There are a couple of advantages to contingency fee arrangements. Because a personal injury attorney also stands to benefit, he or she has an incentive to get the maximum possible award on your behalf. In addition, you will not have to pay any legal fees if your case is ultimately unsuccessful. (Most contingency fee attorneys will waive the expenses if they're unable to win your case.)

Hourly Fees in Car Accident Litigation

Although contingency fees are much more common in cases involving car accidents, attorneys may tell you that they will take your case for an hourly fee.
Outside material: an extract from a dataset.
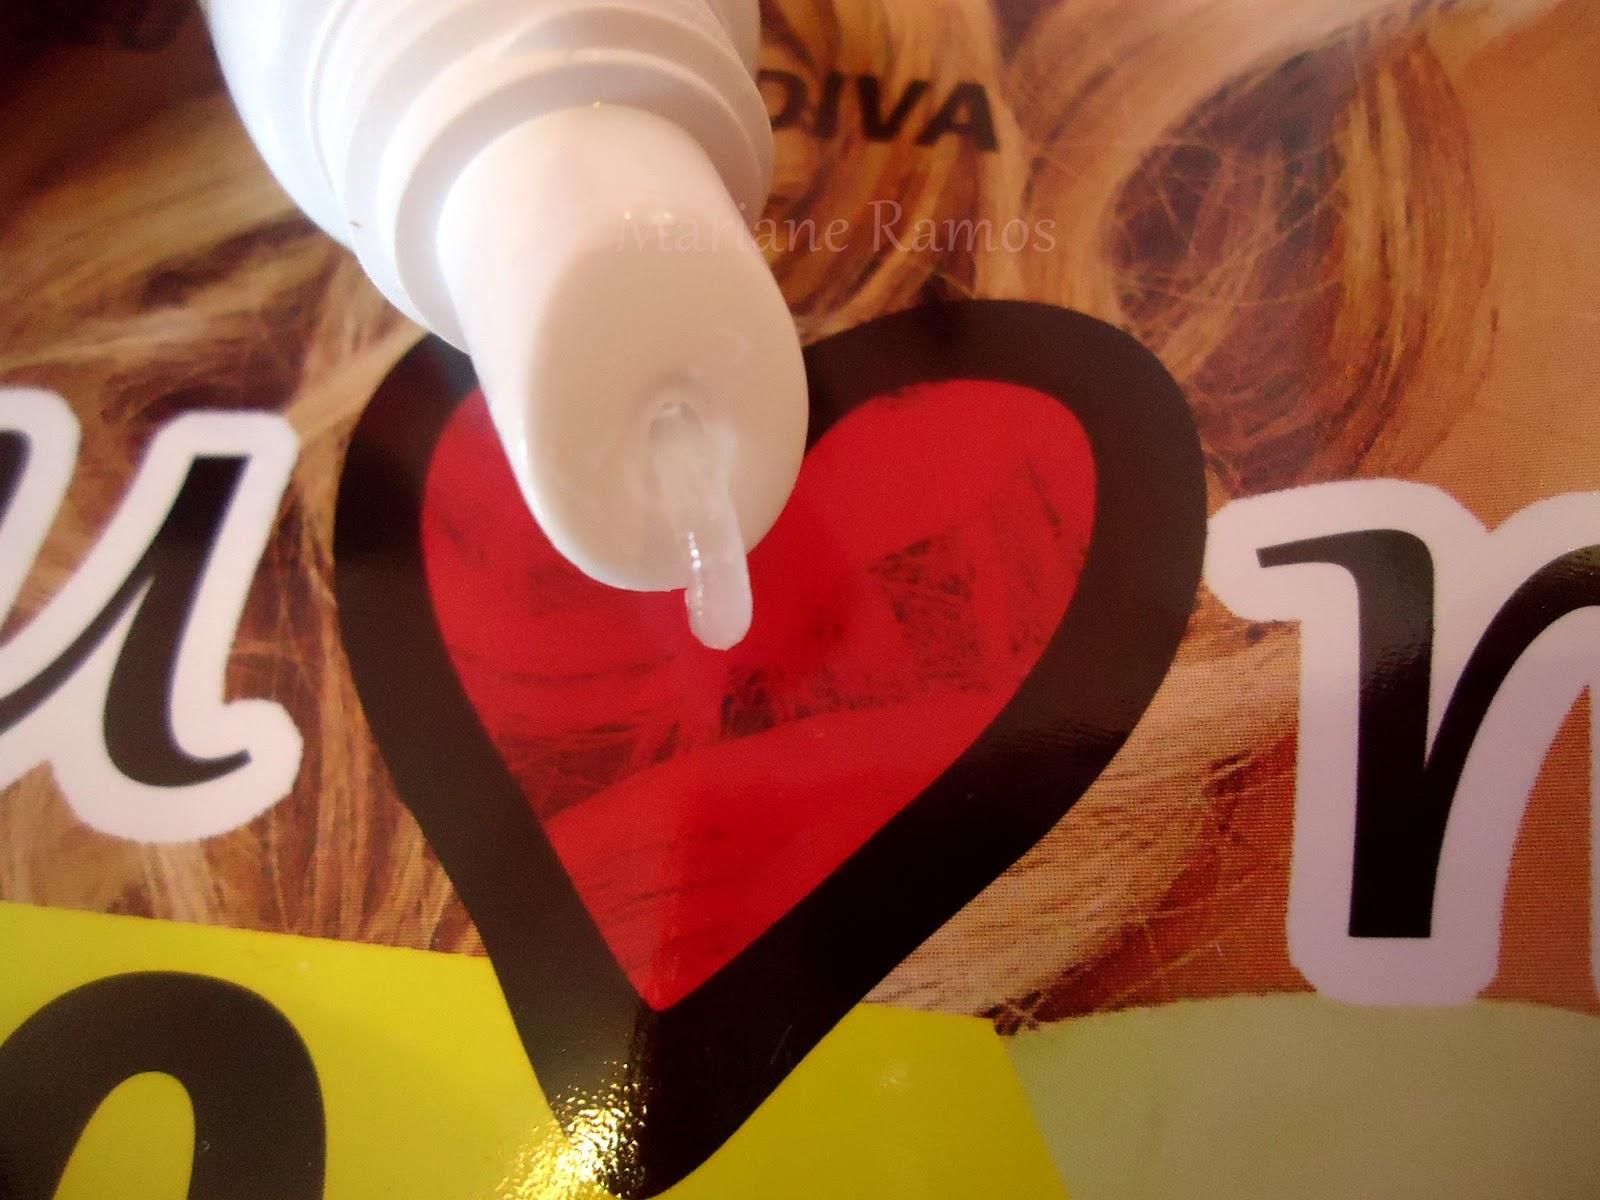 hidratante labial geléia real avon

In this case, you'd pay the attorney for every hour he or she works on your case, plus pay for his or her expenses, regardless of whether you win or lose the case.

If an car crash attorney offers to represent you on an hourly fee, you should take that as a sign that he or she doesn't think your case can be won or that your case would not be financially lucrative. In fact, you should feel comfortable asking, "Do you represent other car crash victims on contingency fee? Do you think I have a weak case?" The attorney's answers may cause you to think twice about your case.

Paying a Car Crash Attorney

Theres one thing that's important to remember when it comes to contingency fees or hourly billing rates. There is no guarantee that a lawyer will be able to get a settlement or judgment that meets or exceeds the cost of your medical bills and of repairing or replacing your car and that also compensates you for your pain and suffering. Even if the award is less than the total cost of those bills, you'll still have to pay your attorney's fees and expenses.

Before selecting a lawyer, ask him or her to walk you through a hypothetical settlement. How much could you reasonably expect to win or settlement your case for? How much would you pay in legal fees? How much would you pay in expenses? How much could you reasonably expect to be left with? You then need to decide if the attorney's estimates are reasonable and realistic.